Description: Occasionally, during shutdown the slave crashes in rpl_* tests. The crash is an assert (actually fprintf()+abort()) like this: safe_mutex: Trying to destroy a mutex that was locked at slave.cc, line 3535 at slave.h, line 209 mysqld got signal 6; Here is a stack trace obtained with gdb: #0 0xffffe410 in ?? () #1 0x40700434 in ?? () #2 0x00000006 in ?? () #3 0x083b0509 in write_core (sig=24205) at stacktrace.c:220 #4 0x08217650 in handle_segfault (sig=6) at mysqld.cc:2175 #5 <signal handler called> #6 0xffffe410 in ?? () #7 0x4070076c in ?? () #8 0x00000006 in ?? () #9 0x400e6ce9 in abort () from /lib/tls/libc.so.6 #10 0x0866e589 in safe_mutex_destroy (mp=0x8c6d520, file=0x5f4b <Address 0x5f4b out of bounds>, line=0) at thr_mutex.c:281 #11 0x083a16ce in end_slave () at slave.h:209 #12 0x0821a0b3 in kill_server_thread (arg=0x4063c9cc) at mysqld.cc:887 #13 0x40047a13 in start_thread () from /lib/tls/libpthread.so.0 #14 0x401759da in clone () from /lib/tls/libc.so.6 The mutex that is destroyed while still locked is this one: pthread_mutex_destroy(&run_lock); How to repeat: The failures appear quite random.

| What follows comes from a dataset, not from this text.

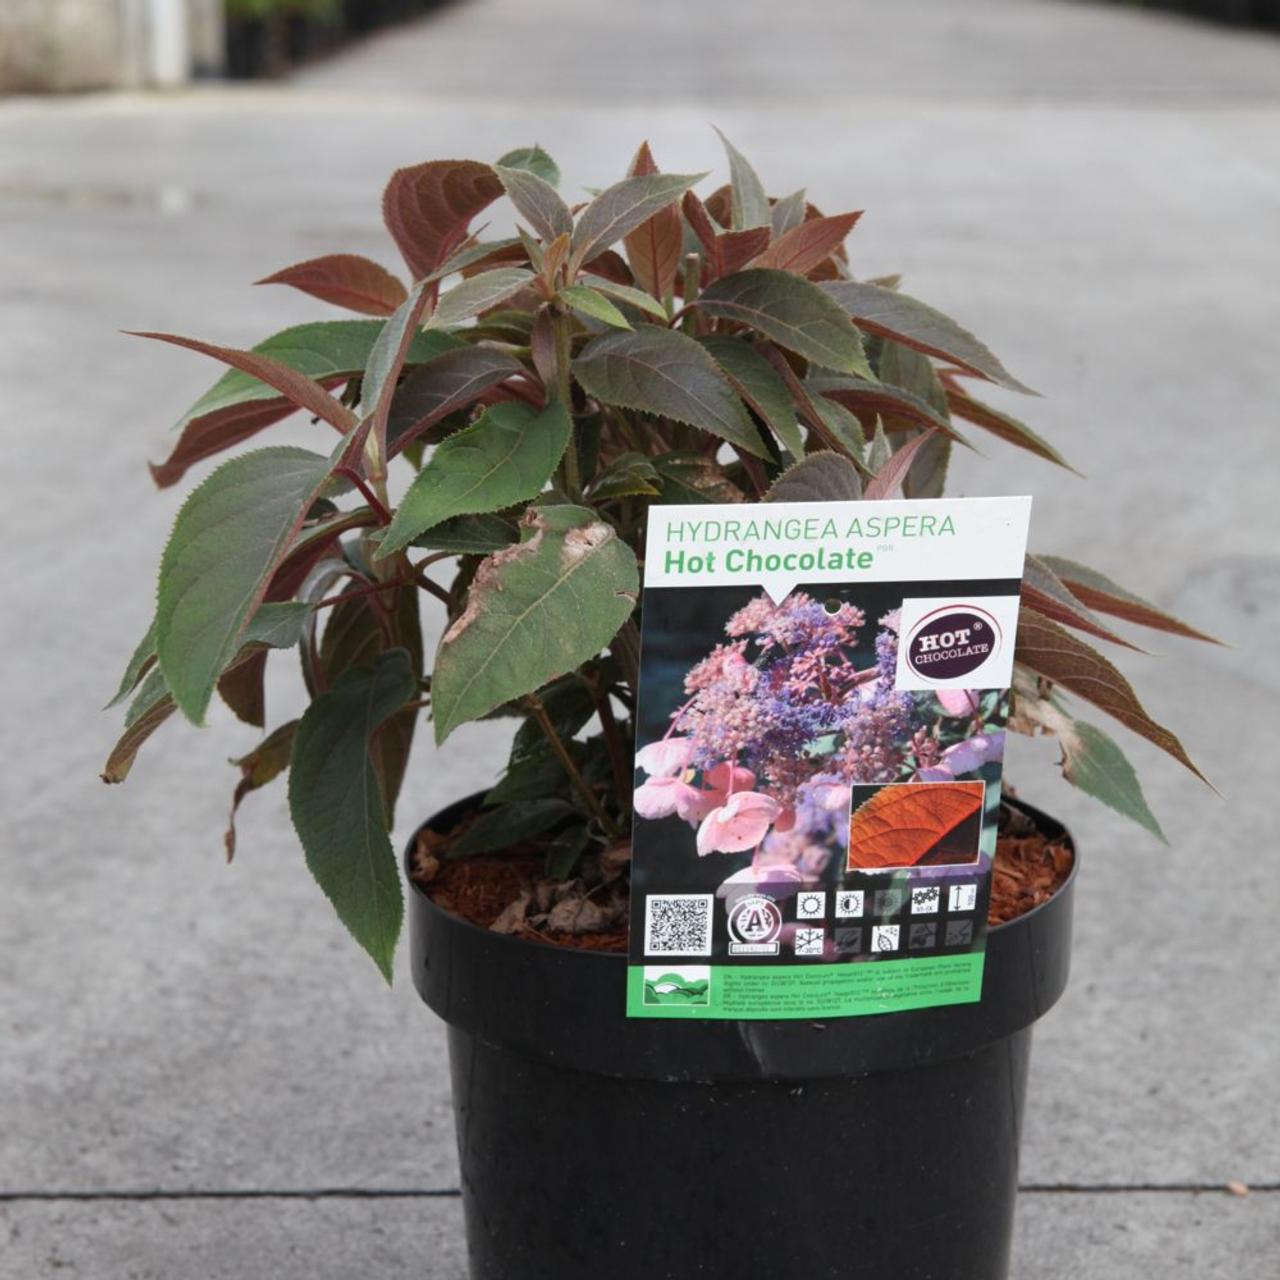 Hydrangea aspera 'Hot Chocolate' plant
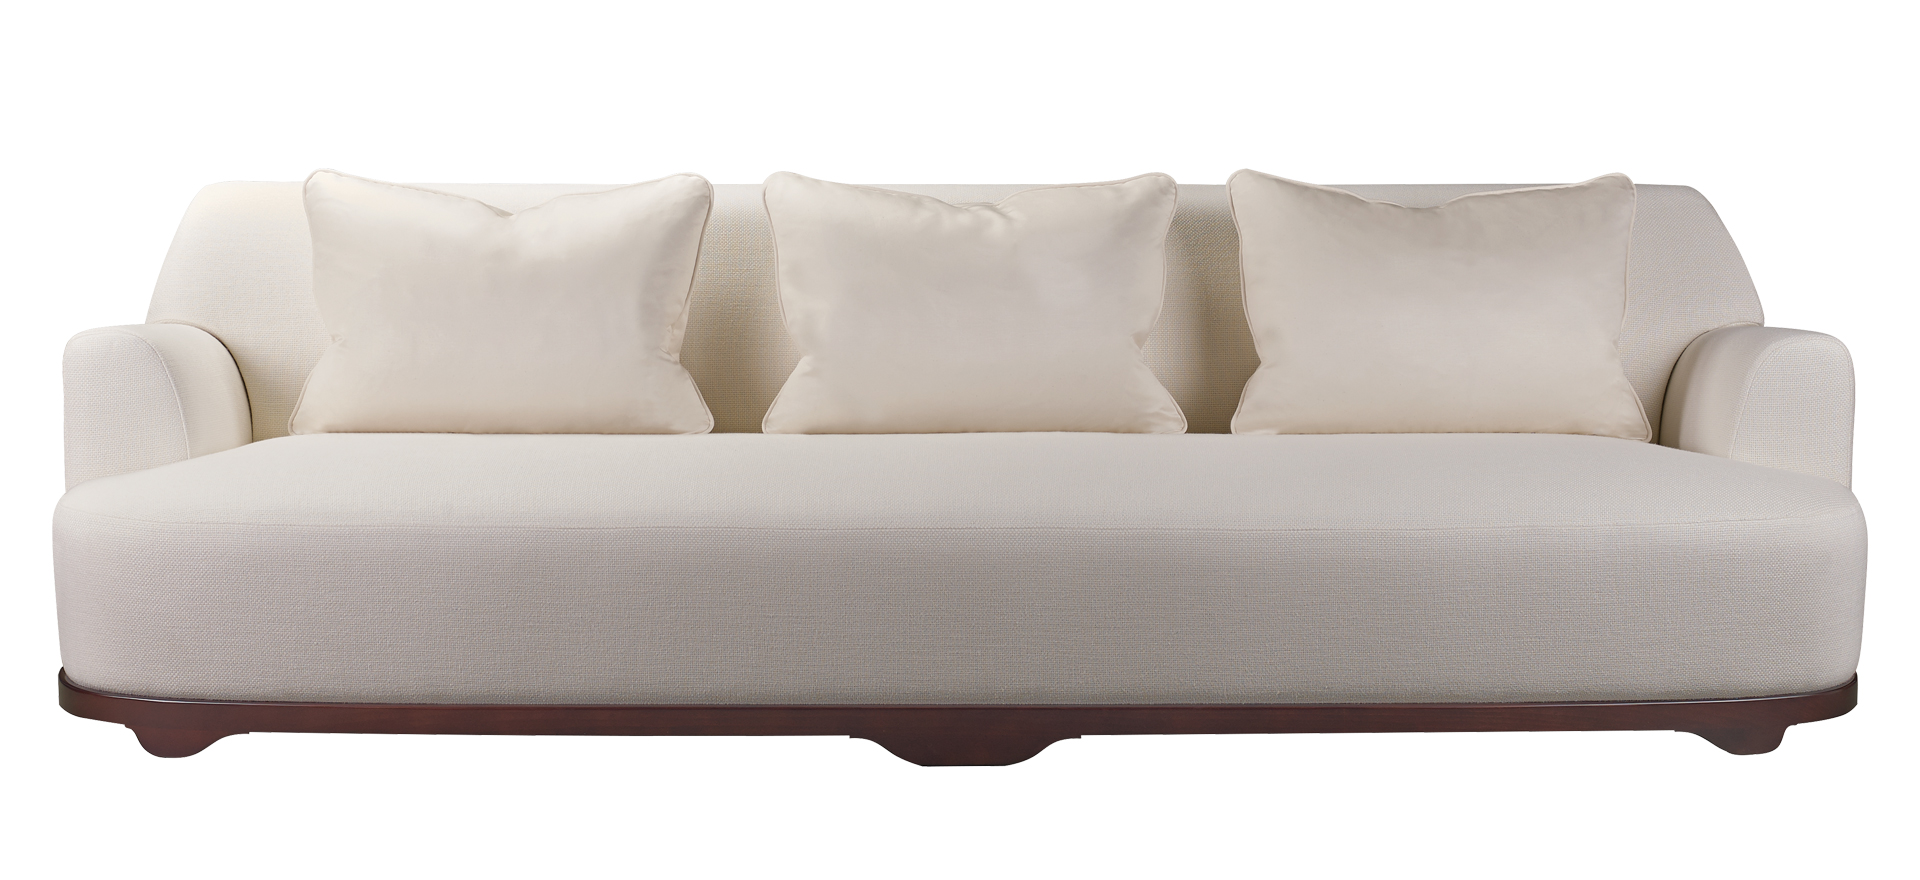 Dorian木质沙发以织物或皮革包衬，可定制多种尺寸和形状，请参见Promemoria产品目录|Promemoria

However, I was able to reproduce reliably by running two tests in a loop: (cd mysql-test && for i in `seq 1 1000`; do echo XXX $i XXX; MTR_BUILD_THREAD=4 perl mysql-test-run.pl --vardir=/dev/shm/v4 --tmpdir=/dev/shm/t4 --timer --ps-protocol --mysqld=--binlog-format=row rpl_loaddatalocal rpl_row_stop_middle_update || exit 1; done) Had to let it run for quite a while though, failed on iteration 36 in one attempt, for example.